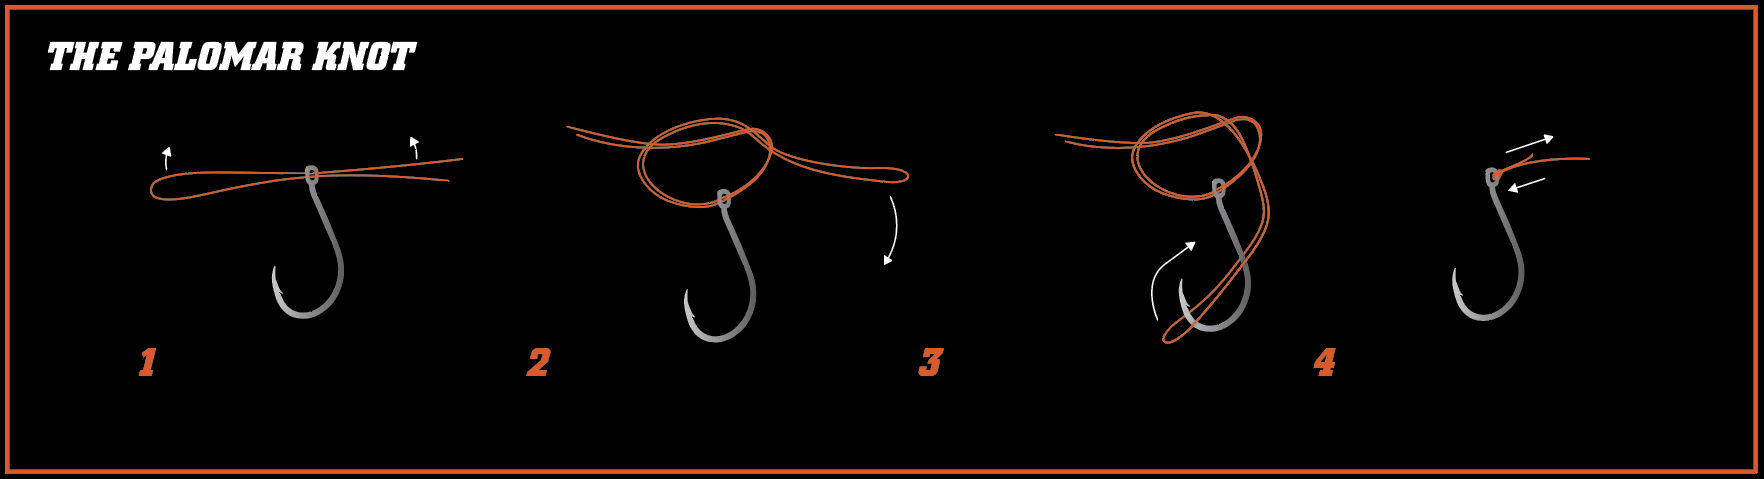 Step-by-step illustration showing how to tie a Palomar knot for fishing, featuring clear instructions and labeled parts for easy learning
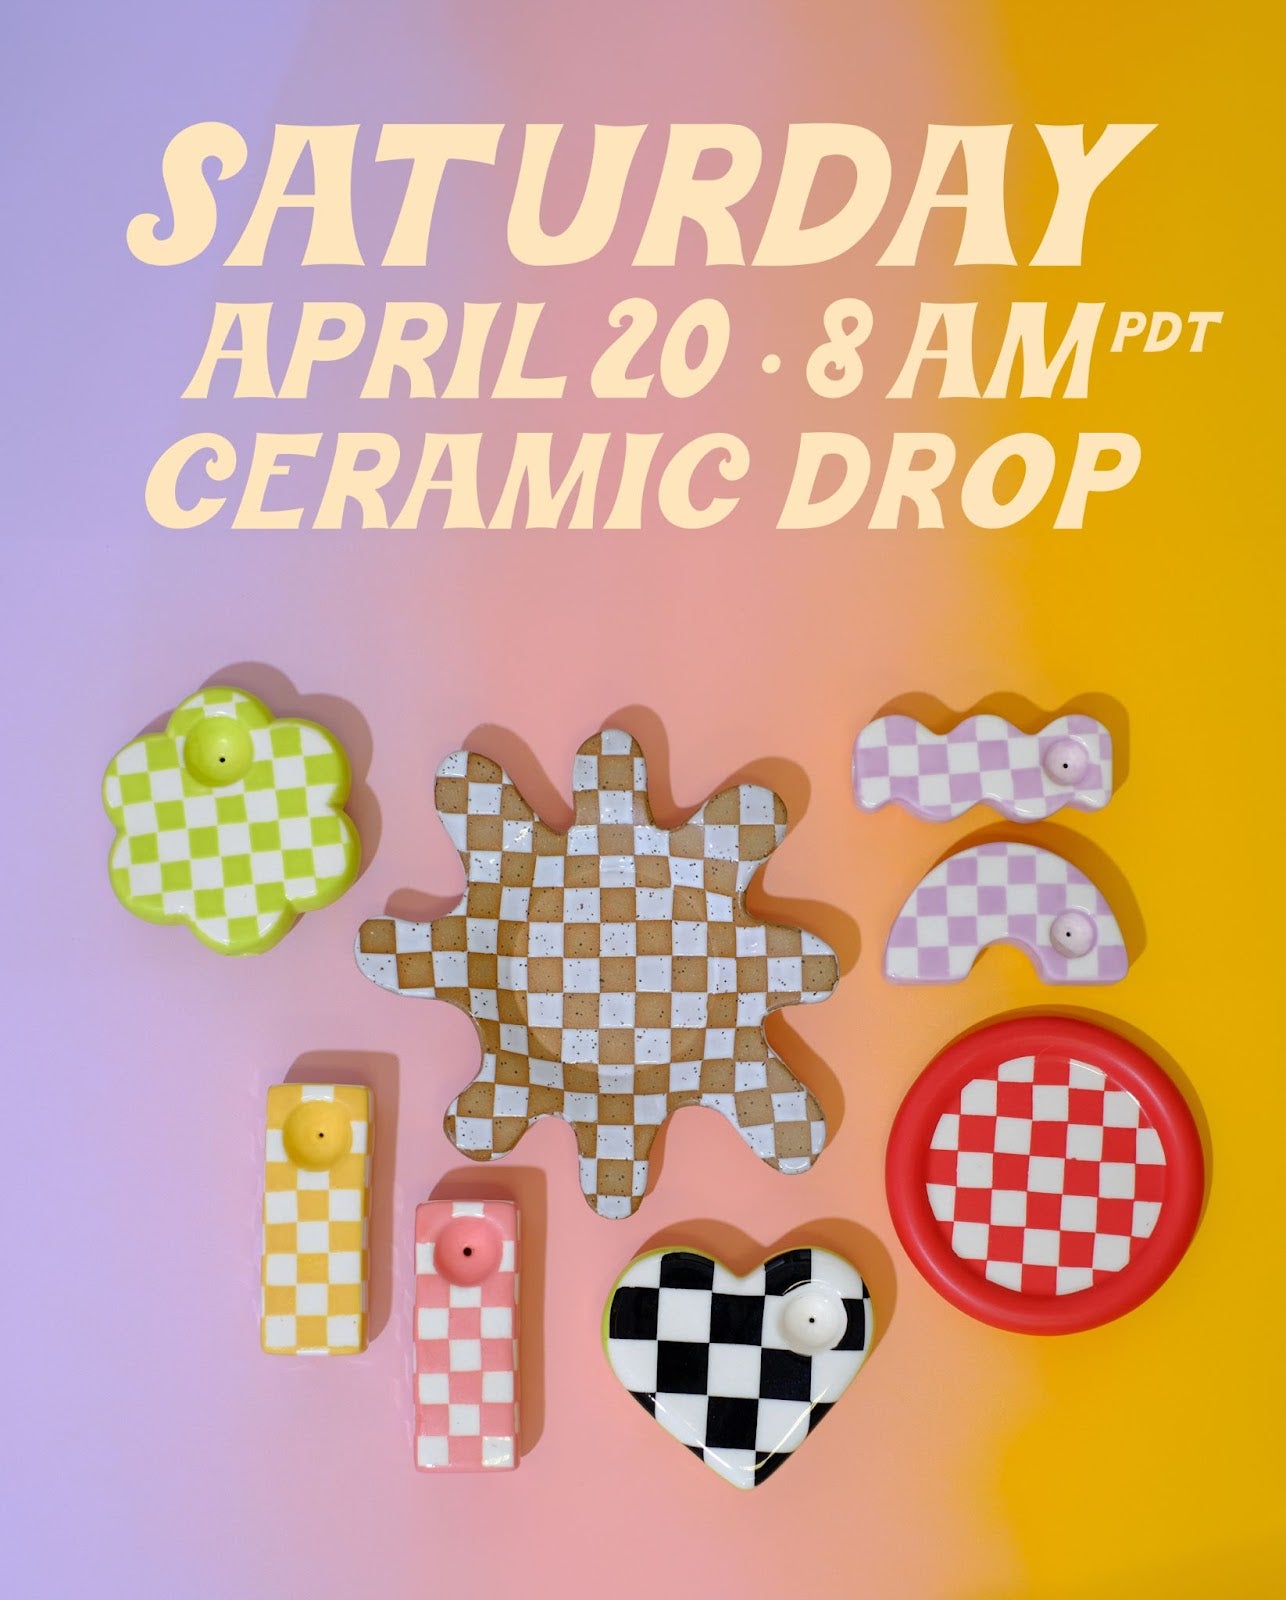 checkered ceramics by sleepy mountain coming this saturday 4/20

----------------

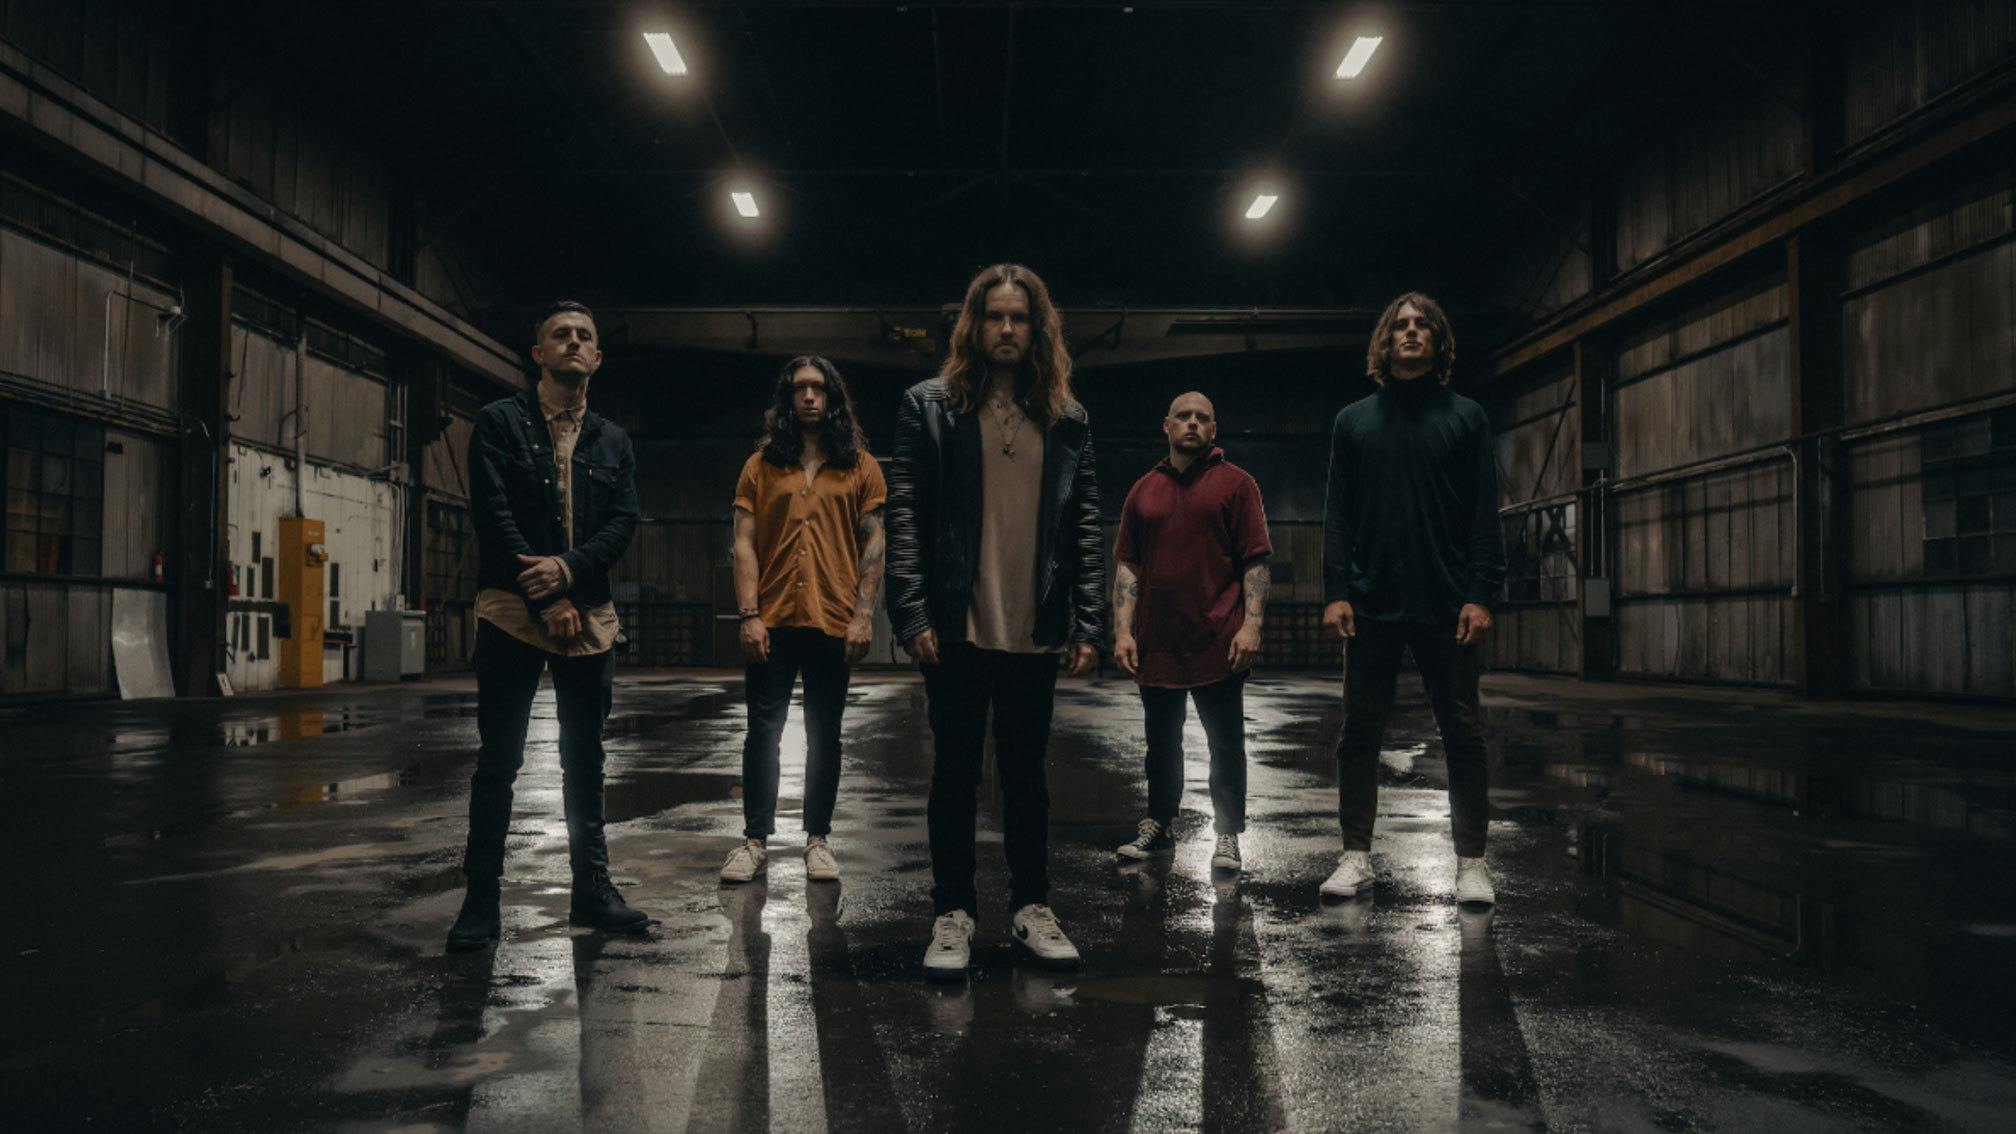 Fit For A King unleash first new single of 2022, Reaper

----------------

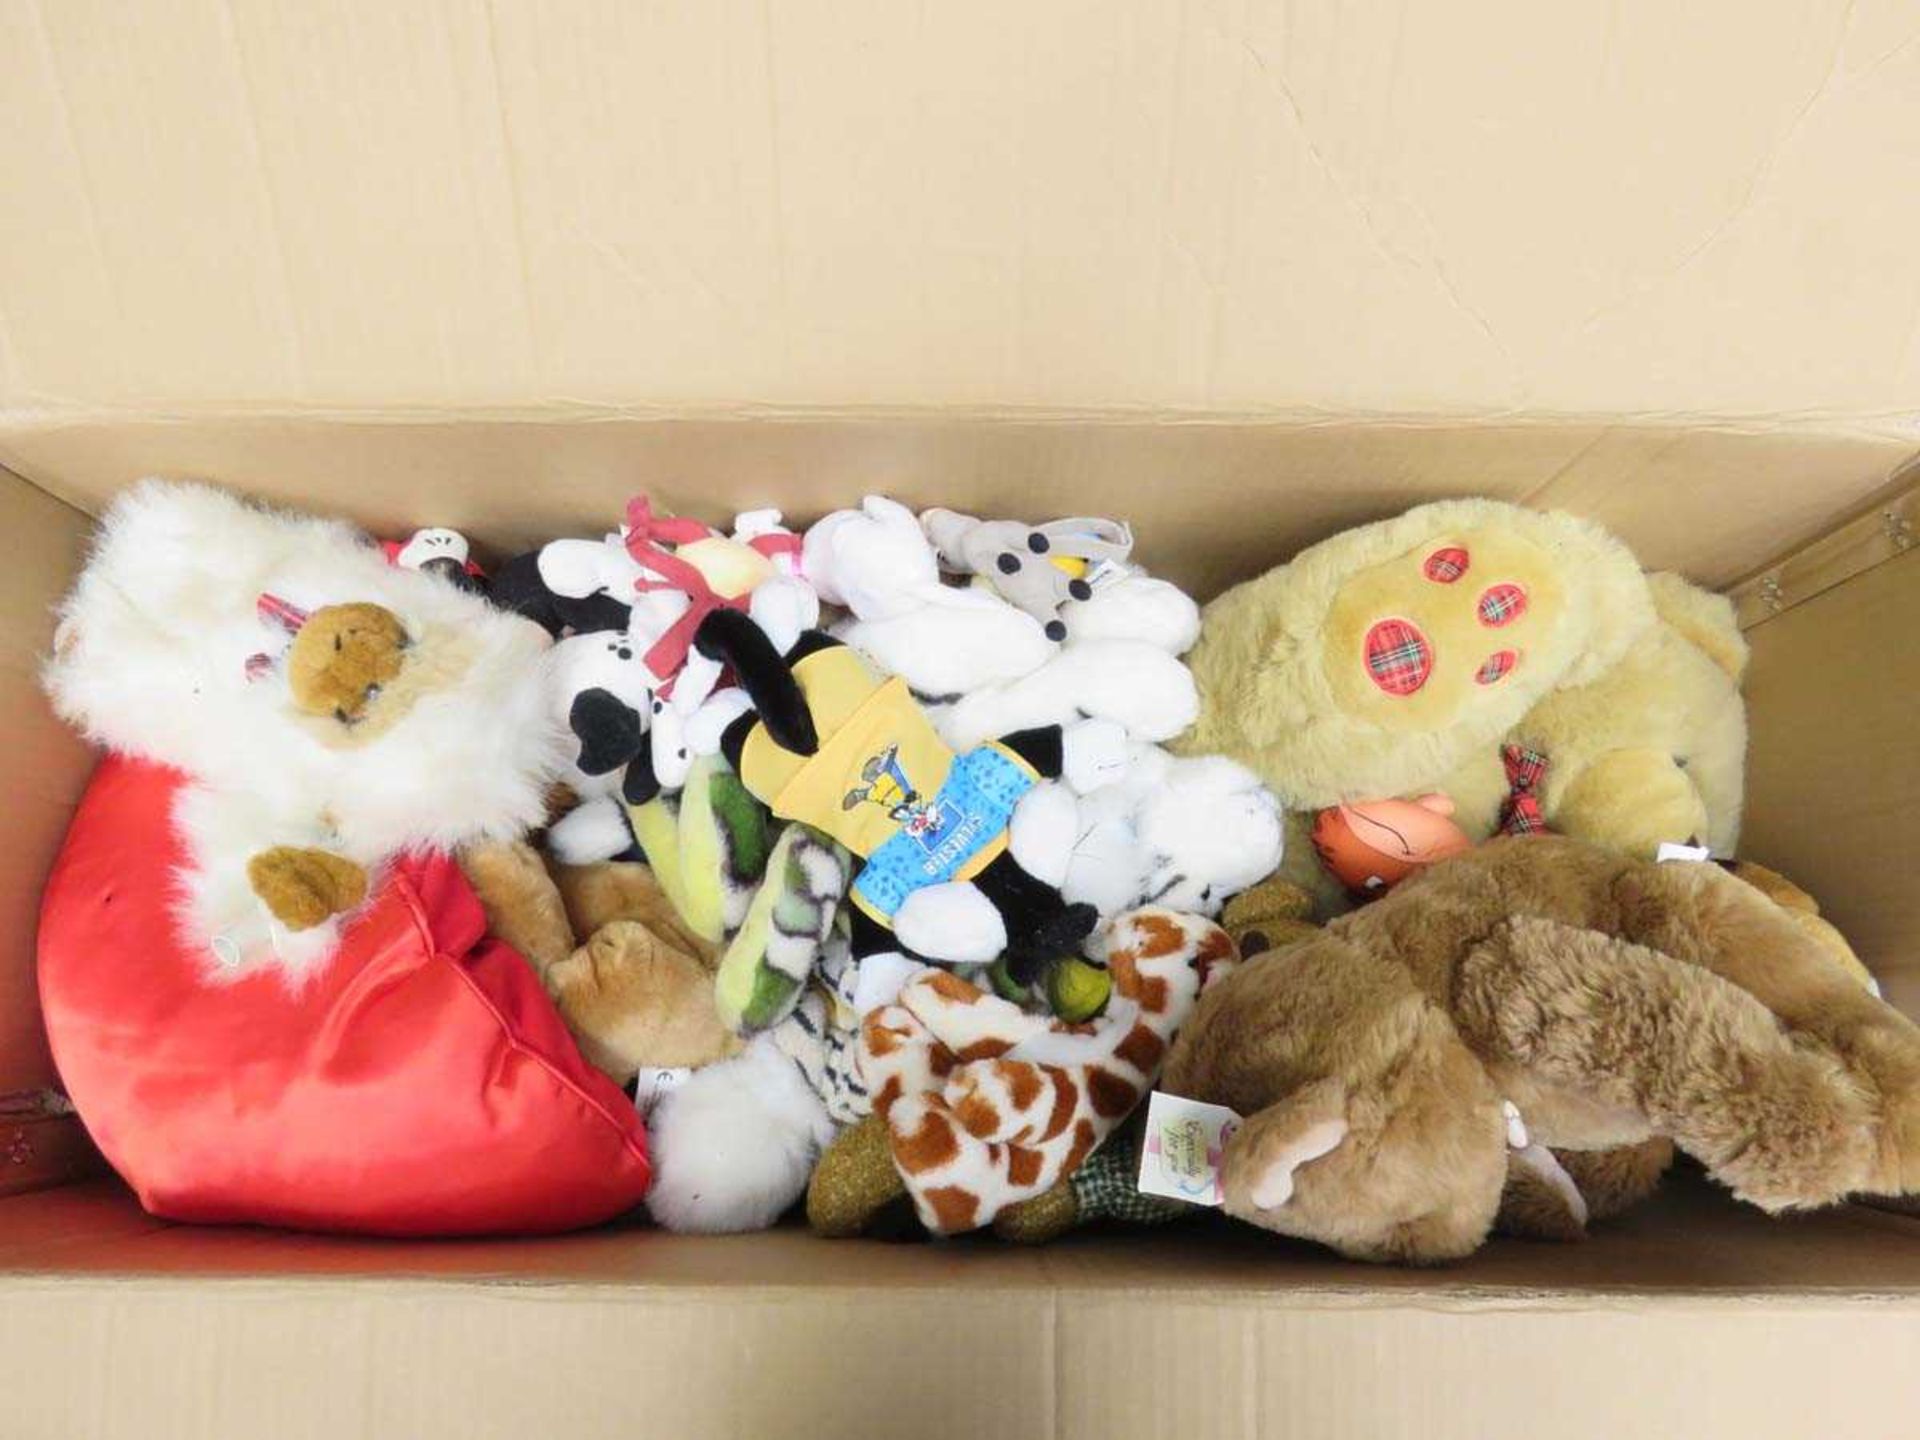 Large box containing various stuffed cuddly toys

----------------

--- REQUIREMENT ---
Look above for the line with "Step-by-step illustration showing" and the line with "checkered ceramics by". Give again exactly those two lines and all lines between them, pictures excluded.

--- RESPONSE ---
 Step-by-step illustration showing how to tie a Palomar knot for fishing, featuring clear instructions and labeled parts for easy learning
 checkered ceramics by sleepy mountain coming this saturday 4/20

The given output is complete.